What you need to do →
Would you print only the lines running from the one with "Nightwing Wallpaper Unique" to the final line of the data below, word for word and without pictures?

Dataset section →
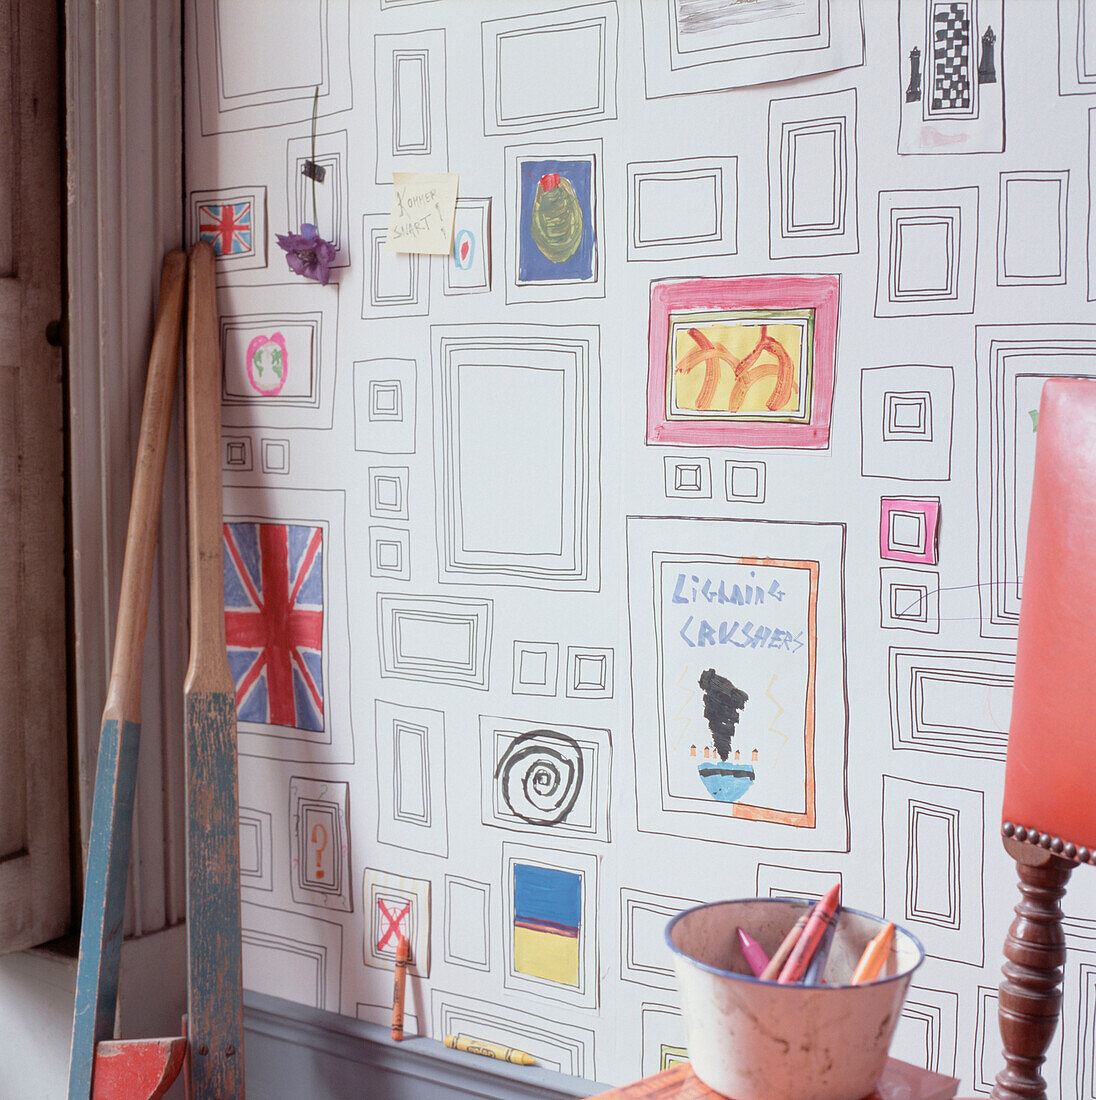 Fun wallpaper in a child's playroom
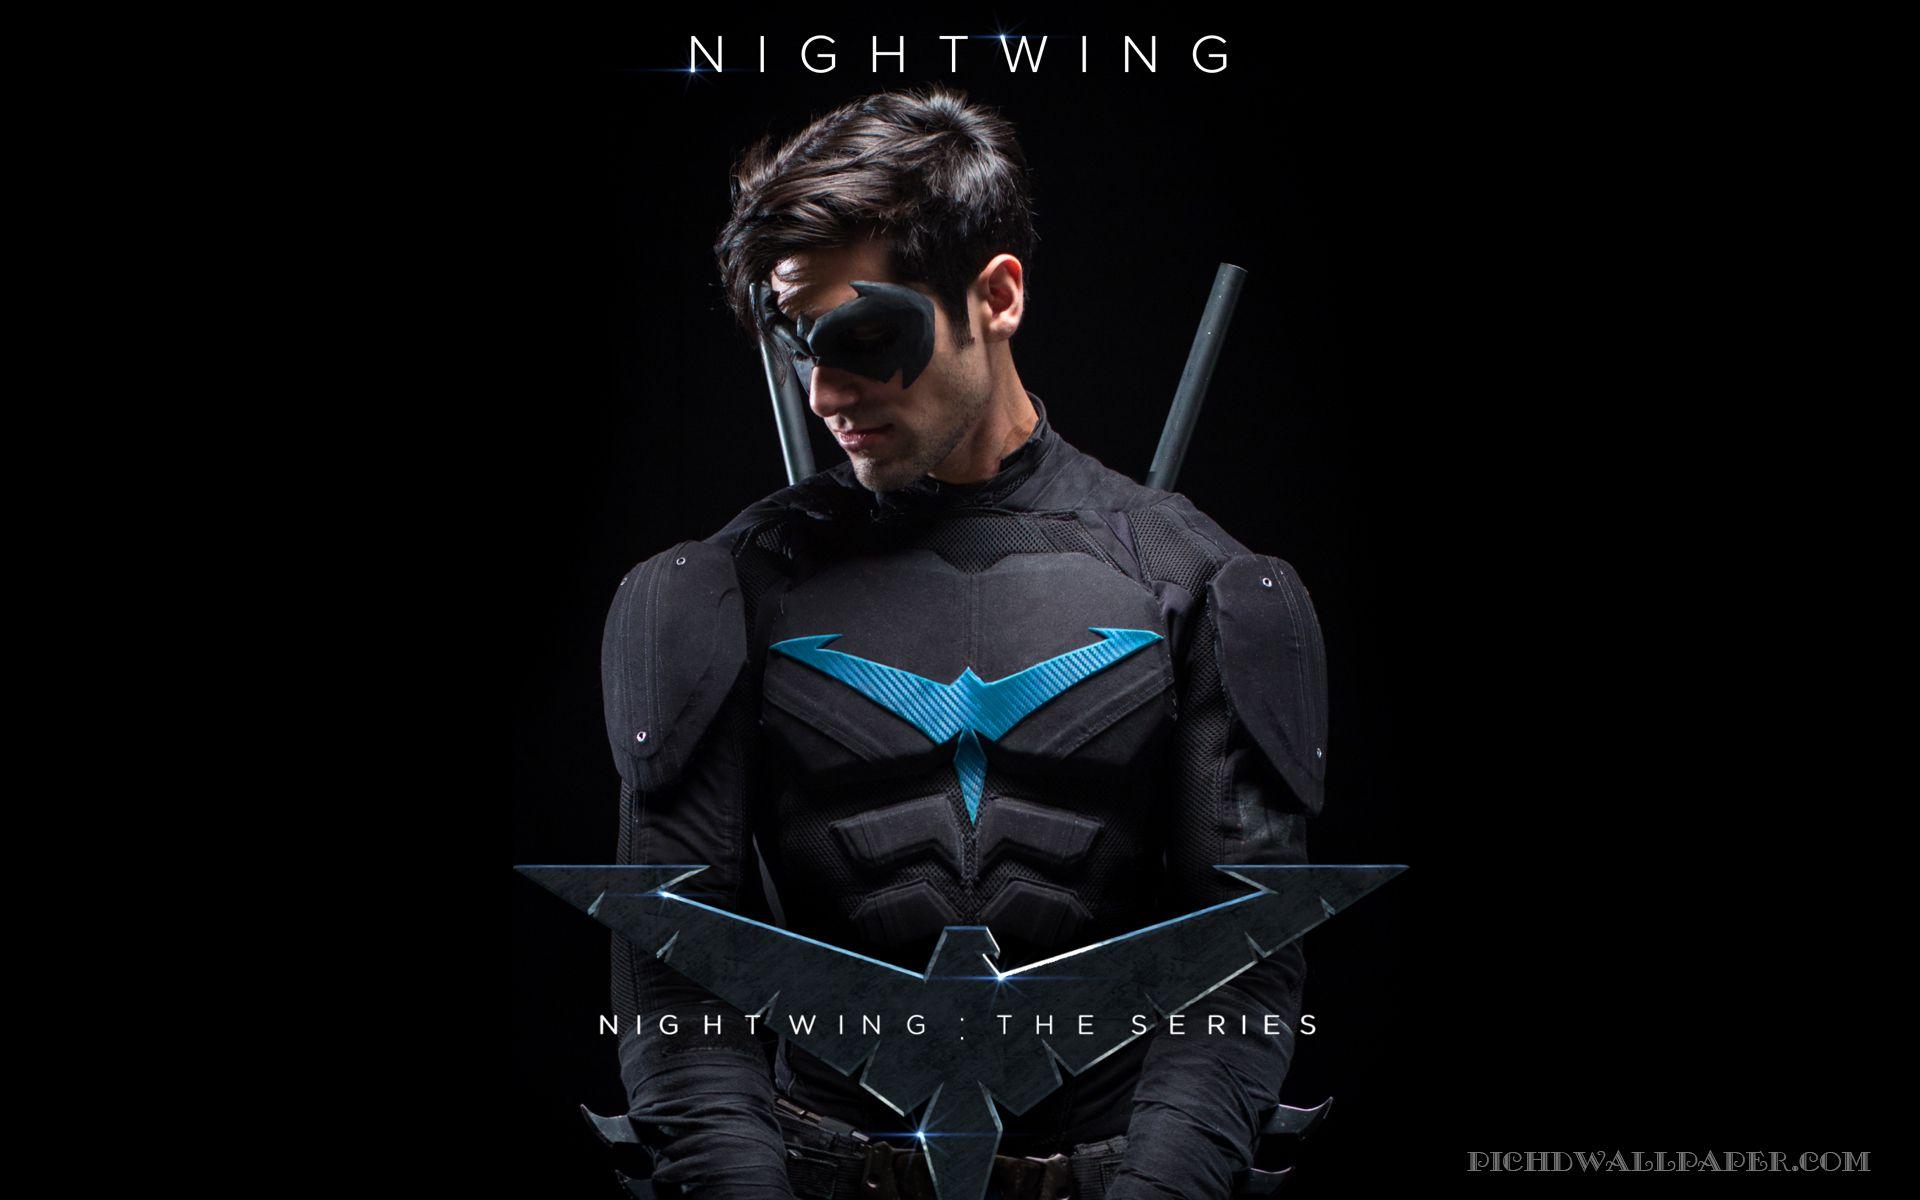 Nightwing Wallpaper Unique Nightwing Wallpaper Browse
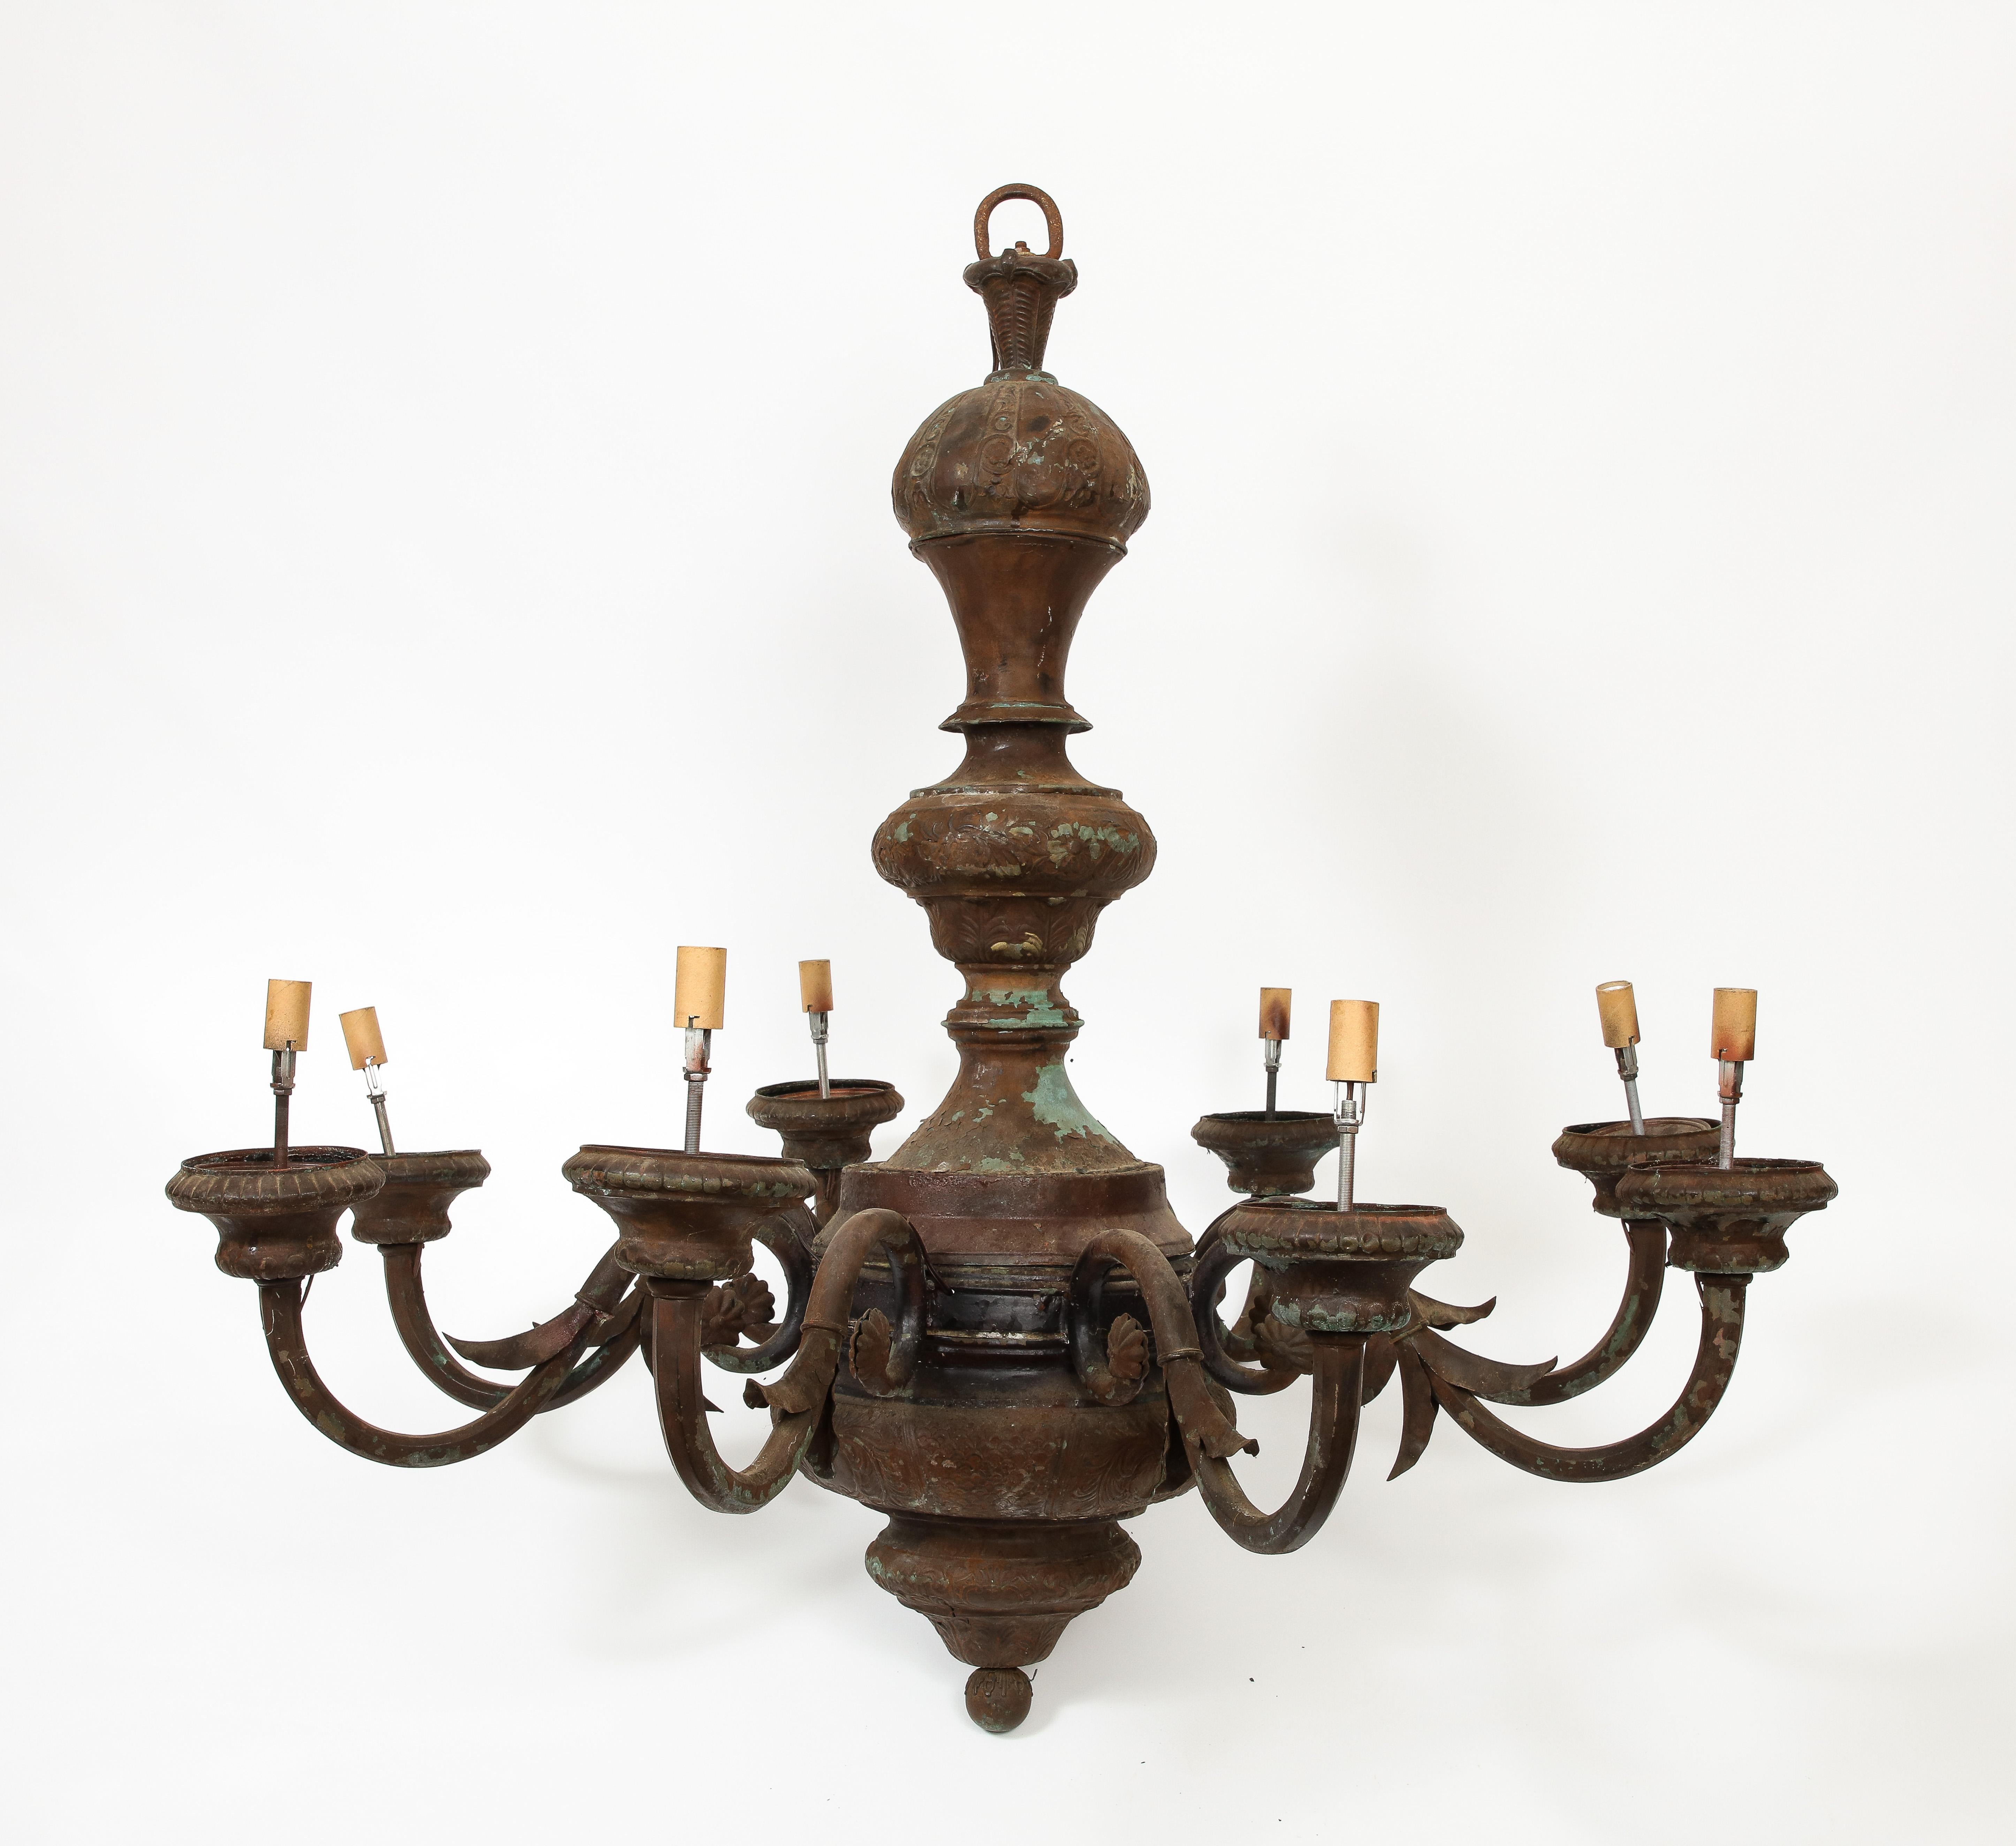 Antique 19th century English Verdigris Metal Light Fixture, 8 socket. Standard base, metal ring at top; the fixture is lighter than it looks as it is hollow. Shows patina/rust, paint losses.

Solved exercise →
 Nightwing Wallpaper Unique Nightwing Wallpaper Browse
 Antique 19th century English Verdigris Metal Light Fixture, 8 socket. Standard base, metal ring at top; the fixture is lighter than it looks as it is hollow. Shows patina/rust, paint losses.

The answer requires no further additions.